Я захожу в их комнату, они сидят бок о бок на венских стульях. Дедушка делает мне знак, и я сажусь напротив. Затем он тяжело вздыхает и говорит: Поля, если к тебе подойдёт мужчина и скажет: «У меня в багажнике автомобиля сидят котята, хочешь на них посмотреть?», что надо делать? Немедленно убежать. Правильно. Почему? Потому что он может врать, возможно, там нет никаких котят и он просто пытается заманить меня к машине, чтобы затолкать в багажник и украсть. Правильно. После каждого дедушкиного вопроса бабушка поглядывает на дедушку, а после моего правильного ответа с энтузиазмом кивает. Их дуэт похож на «плохой коп – хороший коп».

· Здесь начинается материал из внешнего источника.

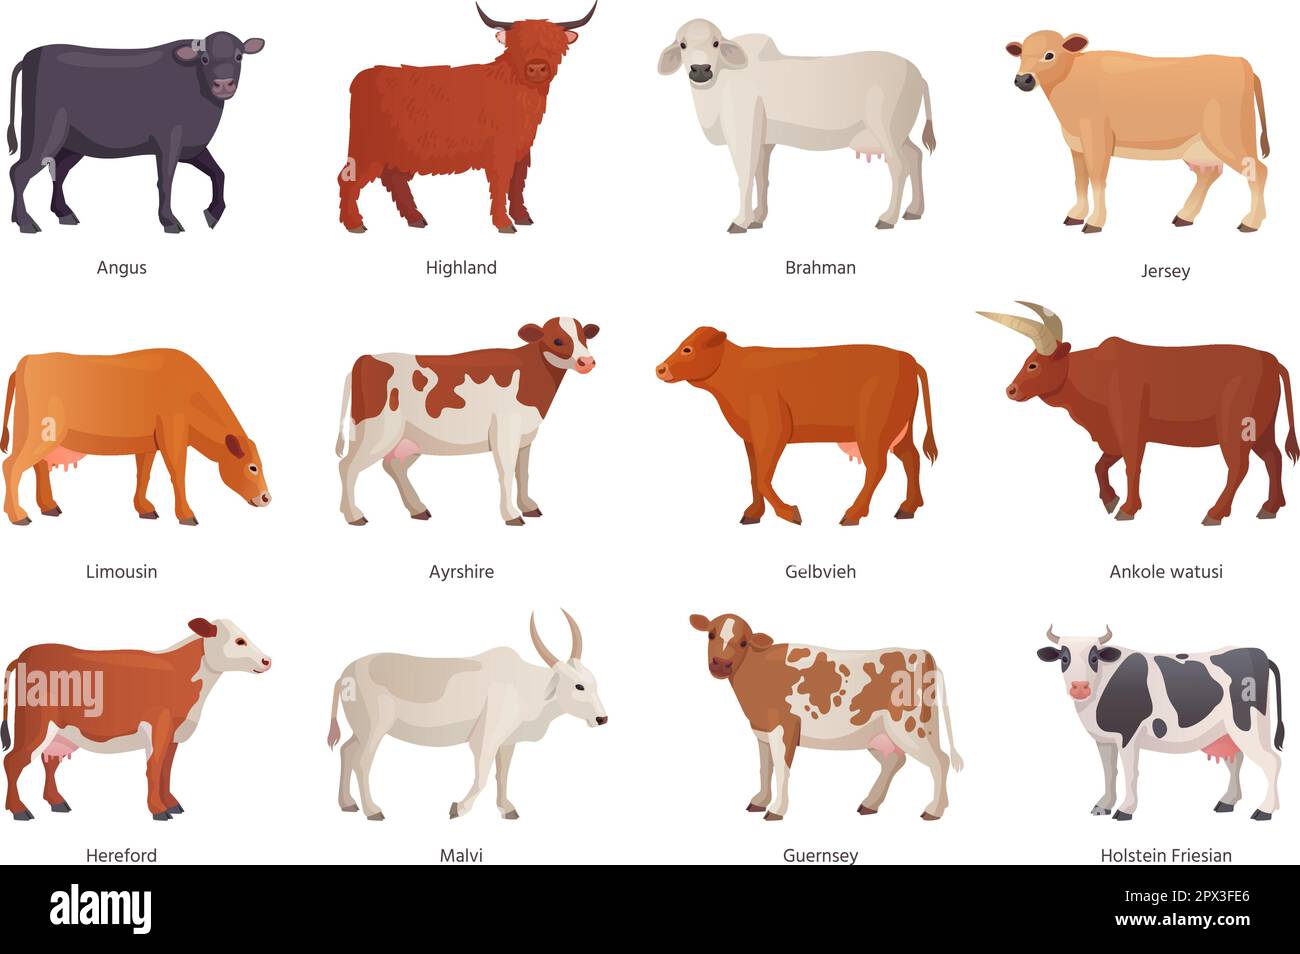 Breeding cattle. Breeds cattles farm mammal animal, netherlands cow beef, agriculture breed bull brahman hereford angus ayrshire limousin, set ingenious vector illustration of farm cattle domestic Stock Vector

Если тебя позовёт женщина и скажет: «Девочка, у тебя на куртке пятно, иди сюда, я ототру его платком», что надо делать? Немедленно убежать. Правильно. Почему? Потому что платок может быть пропитан хлороформом, чтобы зажать мне нос, усыпить, оттащить к припаркованной поблизости машине и меня украсть. Правильно. А если она предложит тебе шоколадку? То же самое. Немедленно убежать. Правильно. Почему? Потому что в шоколад может быть что-то подмешано, чтобы я потеряла сознание, меня могли оттащить к машине и украсть. Правильно. Бабушка снова кивает. Она не слушает ни дедушку, ни меня, но прекрасно умеет распознавать правильные ответы и восторгаться ими.
Ещё несколько секунд дедушка смотрит на меня молча, тревожно и взволновано. Затем он посылает мне семь звонких воздушных поцелуев. Две серии по три коротких и напоследок один длинный. Не успели они прозвучать, как бабушка за ним повторяет. Такое впечатление, что они благословляют меня на дорогу. С последним поцелуем тест окончен. Я могу идти.
Моя подруга Лиза ждёт у калитки. Увидев, что на входной двери зашевелилась занавеска от мух, она отрывается от столба и поднимает руки. Ну наконец-то. Чё так долго-то? Почти бегом мы отправляемся к давно намеченной нами цели.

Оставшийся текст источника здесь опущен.